Information =>
========================
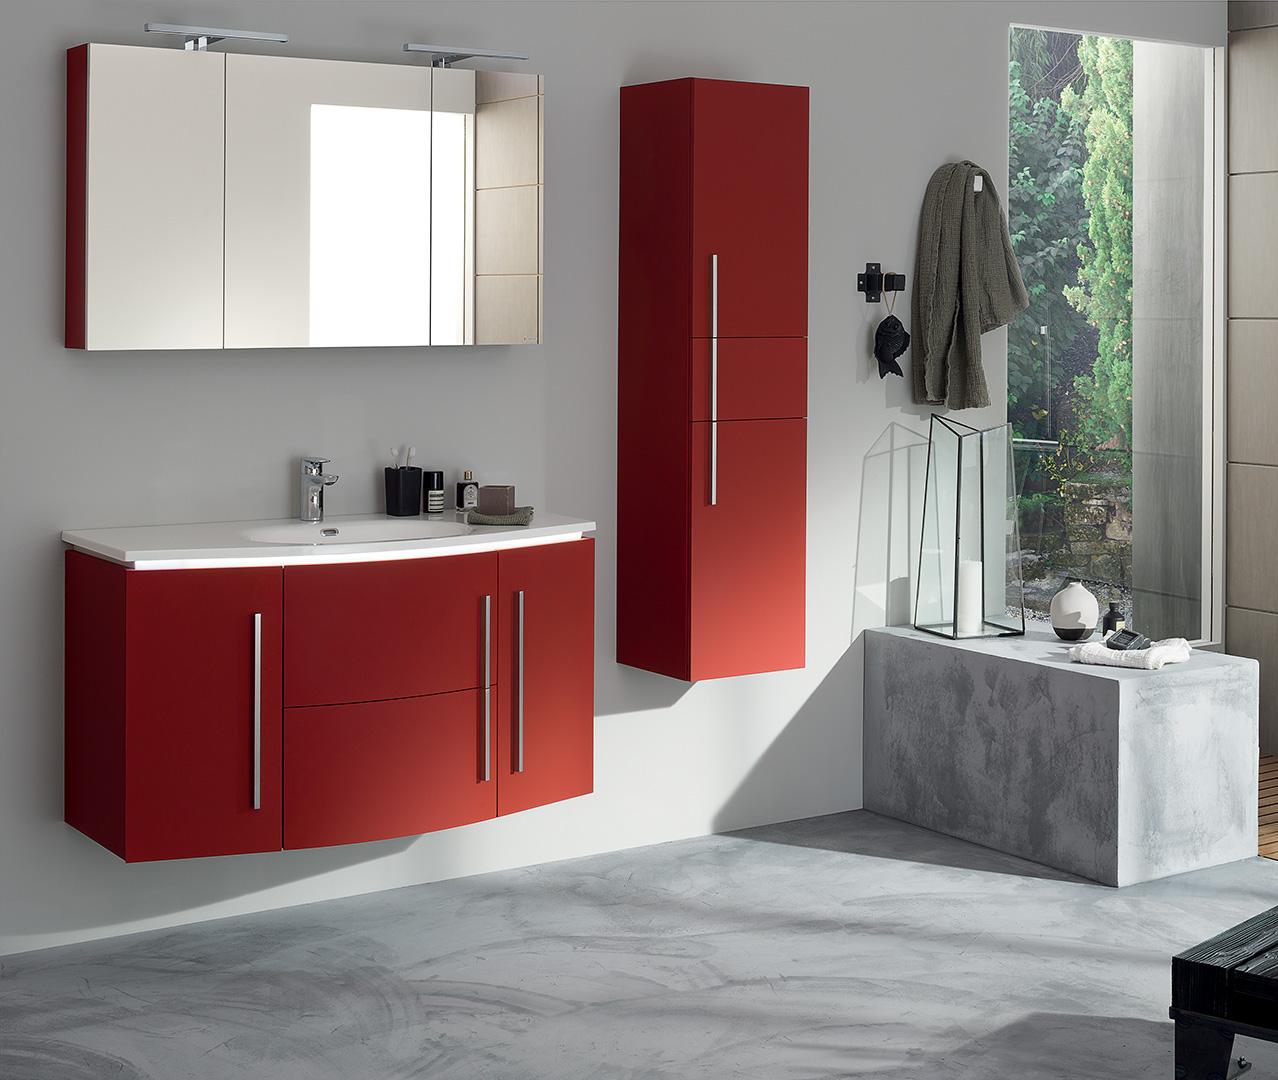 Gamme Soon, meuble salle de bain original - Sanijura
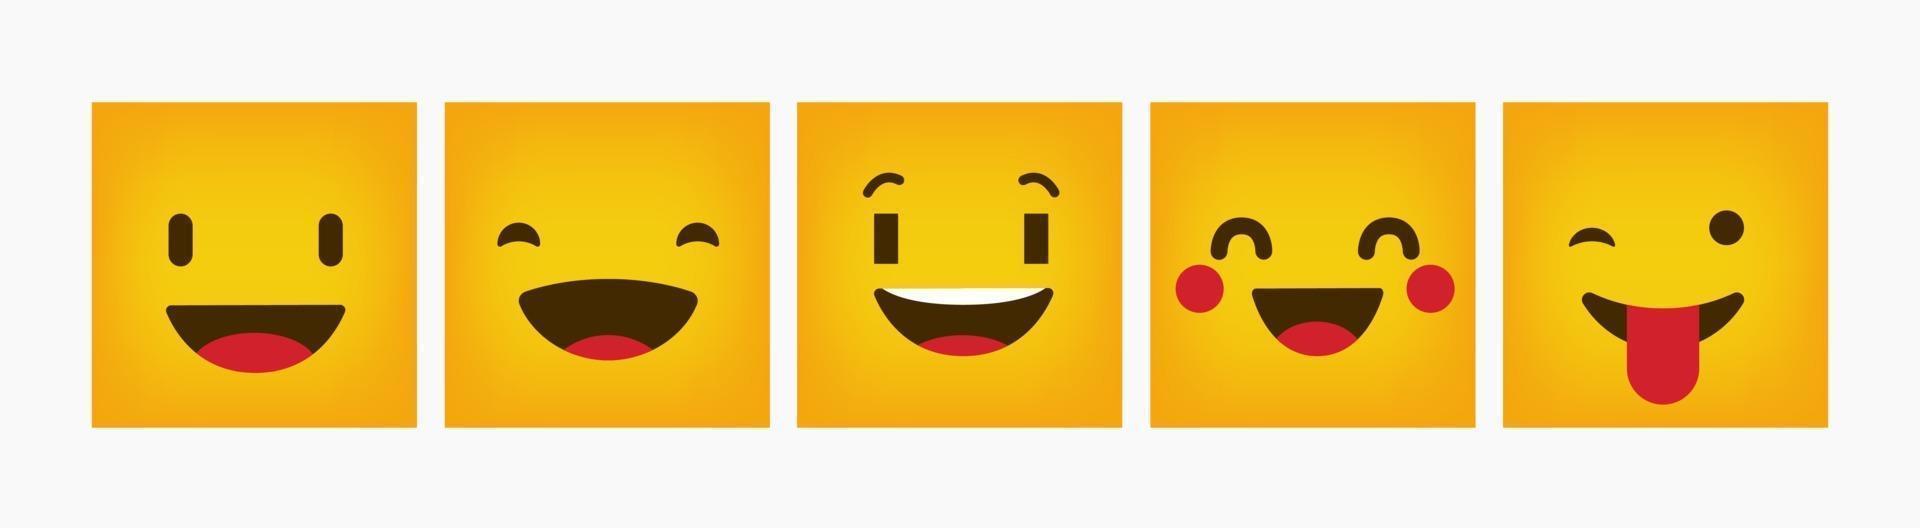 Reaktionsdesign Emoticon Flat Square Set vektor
========================
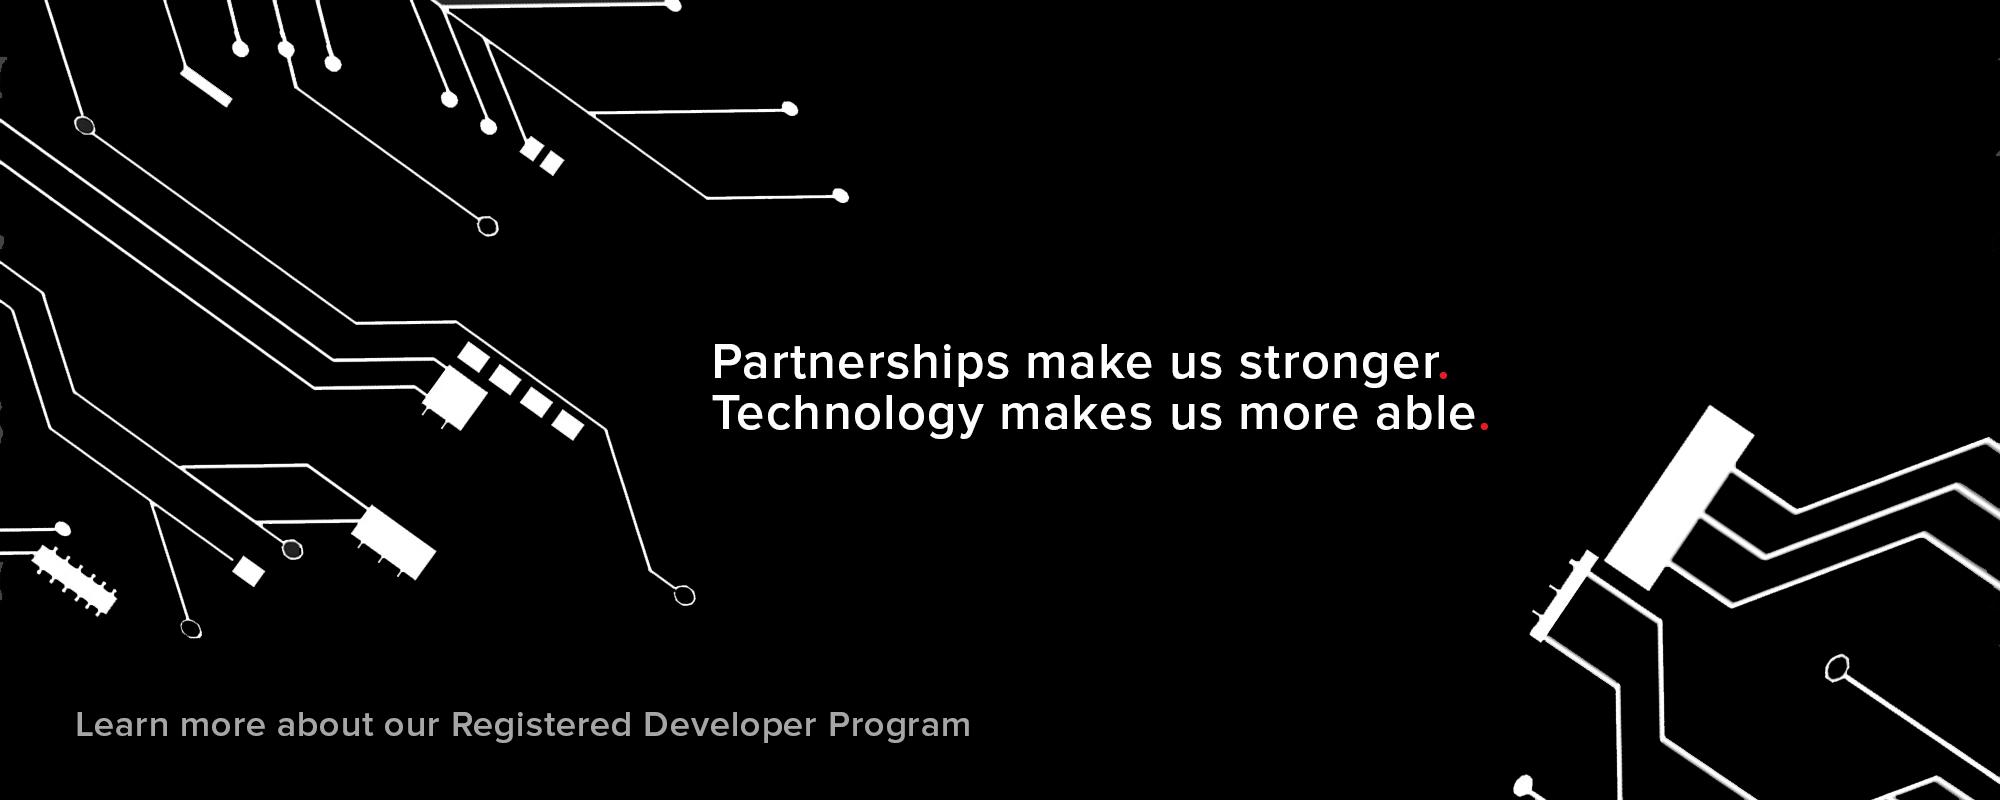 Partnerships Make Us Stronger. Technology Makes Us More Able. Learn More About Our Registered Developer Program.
========================
Work instructions => Would you copy out, exactly and with no pictures, only the lines above from the one that contains "Gamme Soon, meuble" through the one that contains "Reaktionsdesign Emoticon Flat"?

Response =>
 Gamme Soon, meuble salle de bain original - Sanijura
 Reaktionsdesign Emoticon Flat Square Set vektor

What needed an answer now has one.